## WORK TASK
The answer should consist of the full listing below, repeated exactly and free of pictures.

## STORED DATA
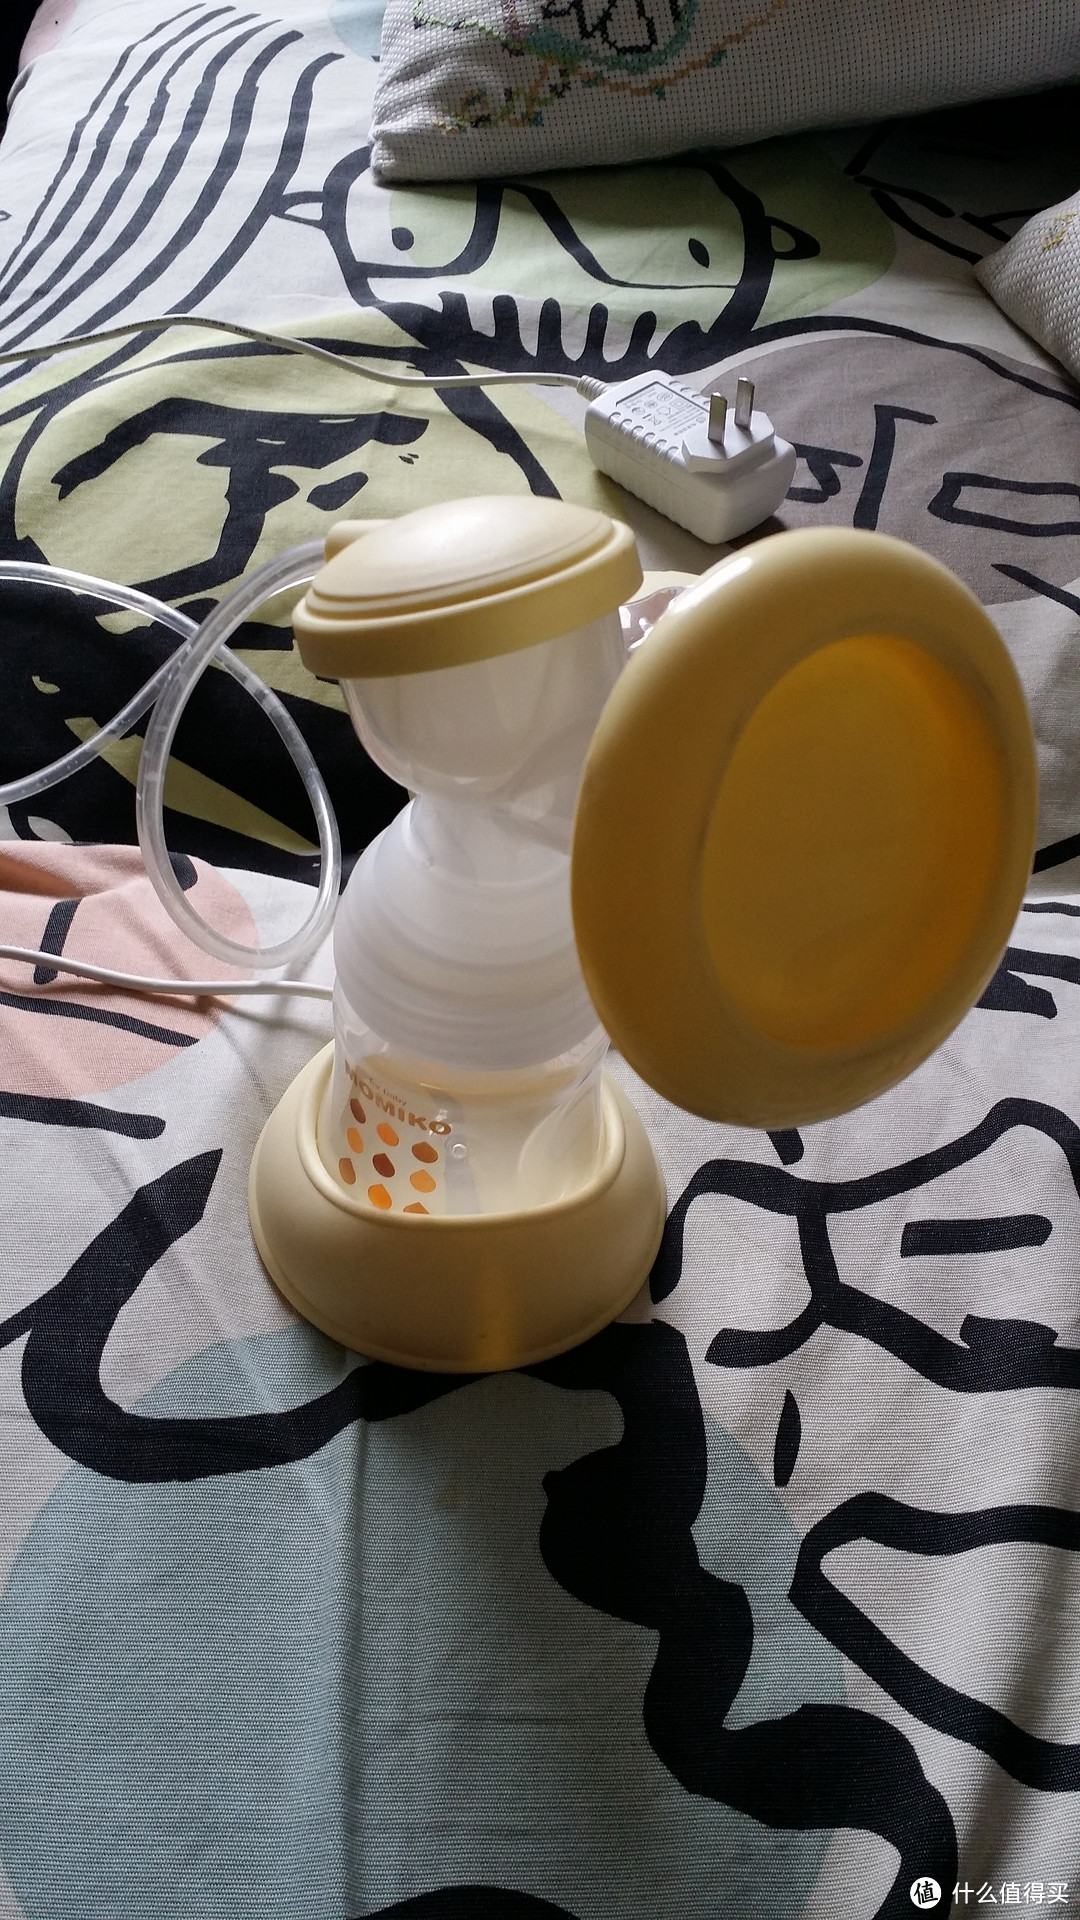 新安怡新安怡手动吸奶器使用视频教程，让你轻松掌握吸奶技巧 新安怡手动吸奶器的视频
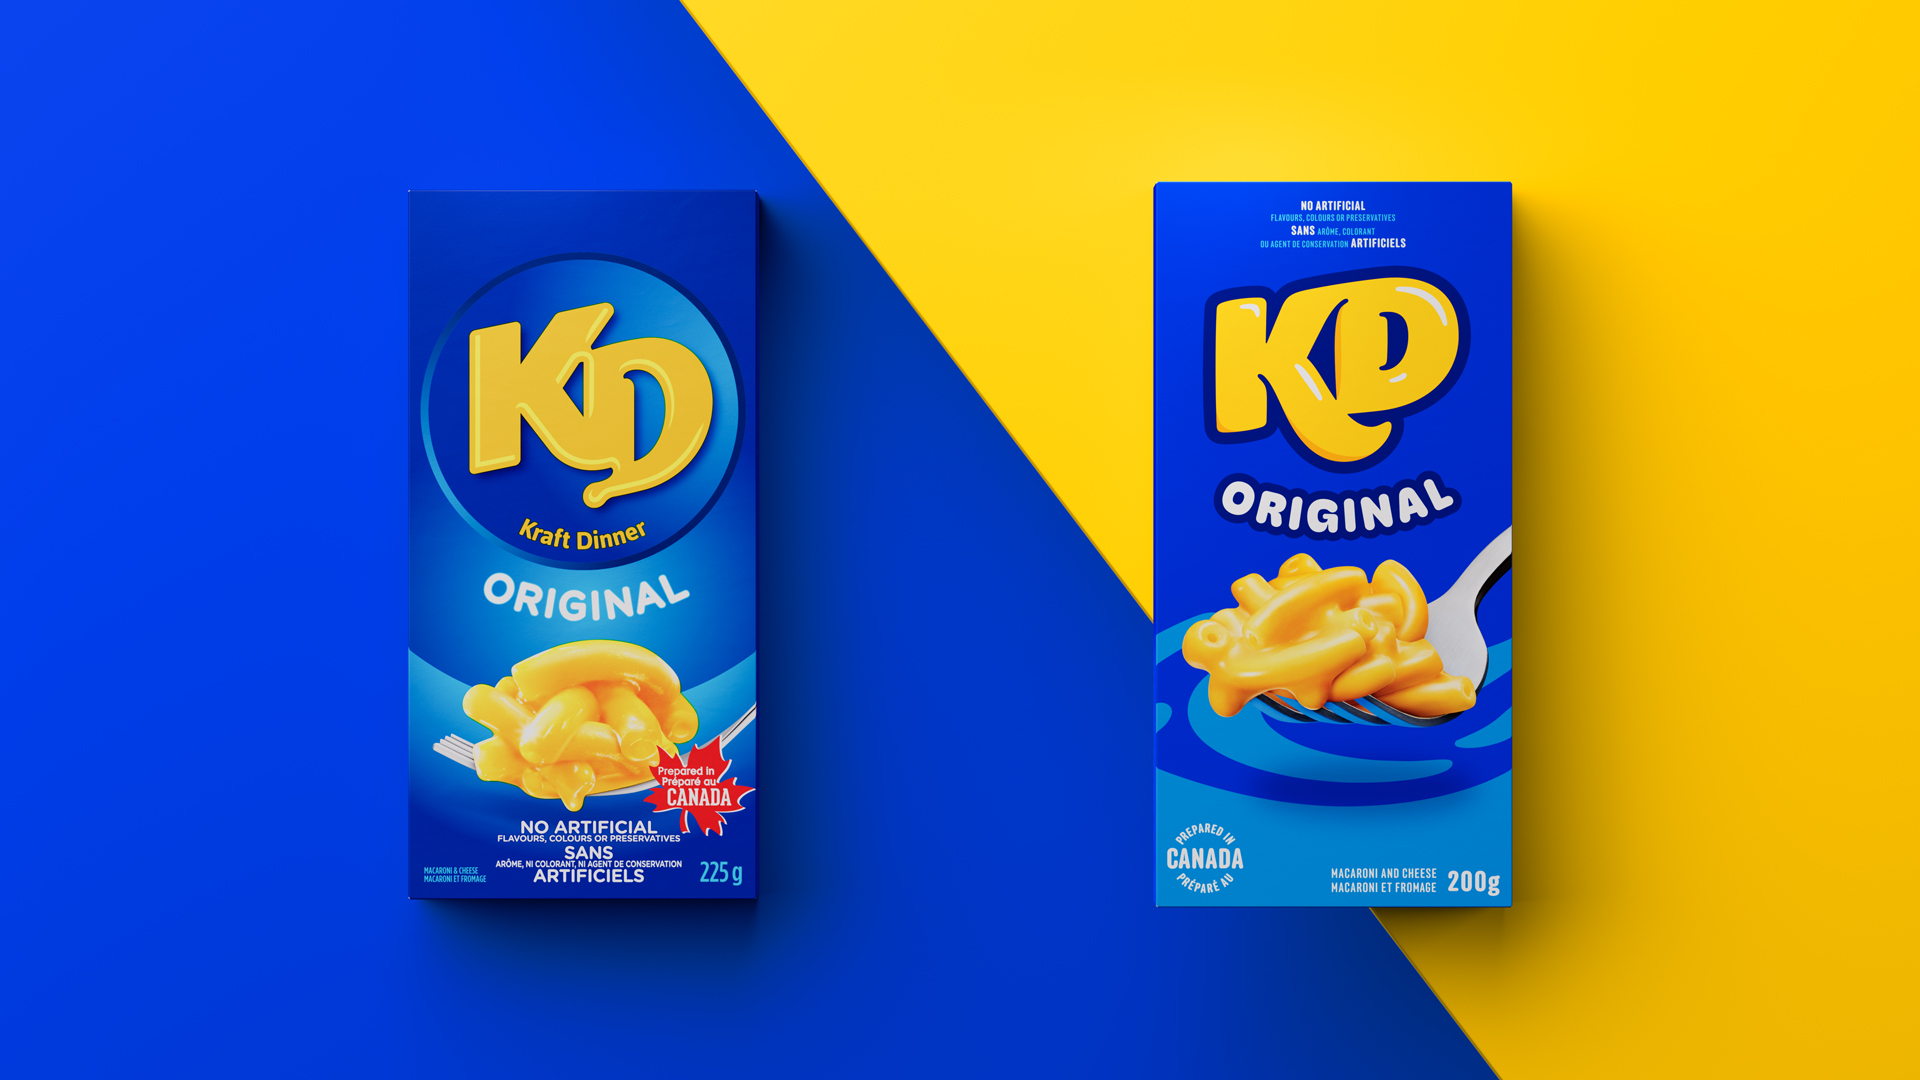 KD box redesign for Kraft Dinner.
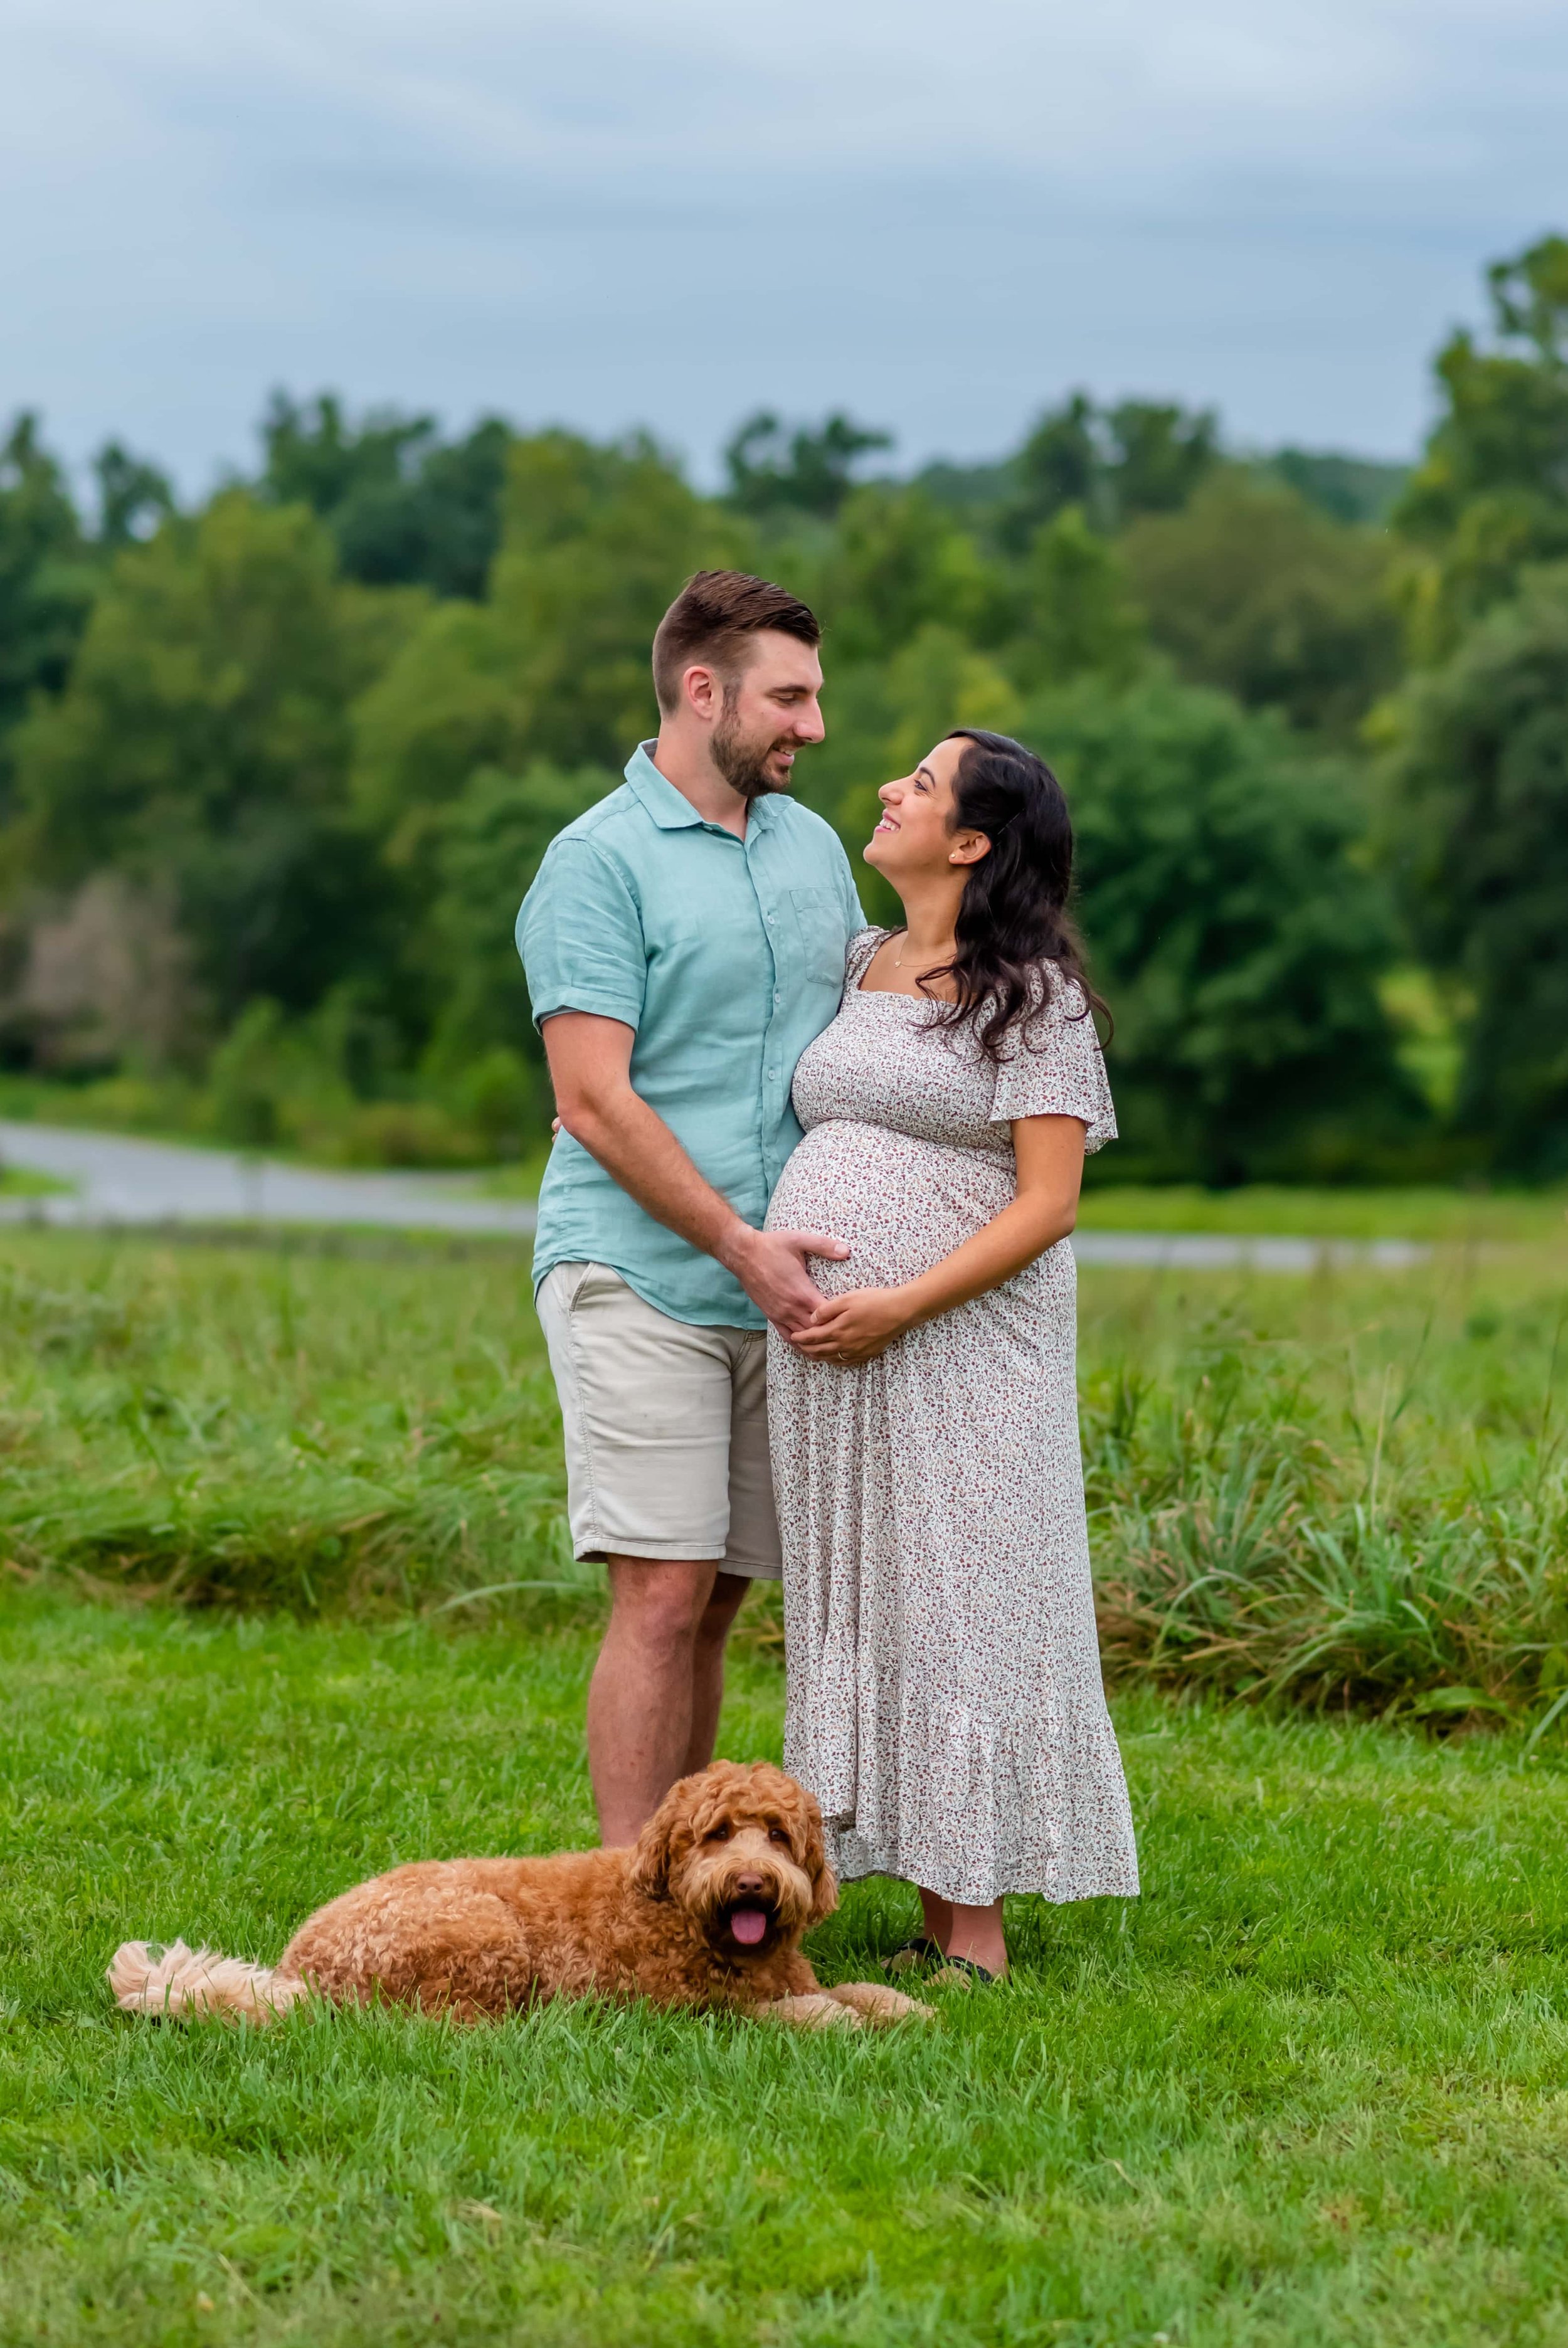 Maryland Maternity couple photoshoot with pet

## ANSWER TO THIS PROBLEM
 新安怡新安怡手动吸奶器使用视频教程，让你轻松掌握吸奶技巧 新安怡手动吸奶器的视频
 KD box redesign for Kraft Dinner.
 Maryland Maternity couple photoshoot with pet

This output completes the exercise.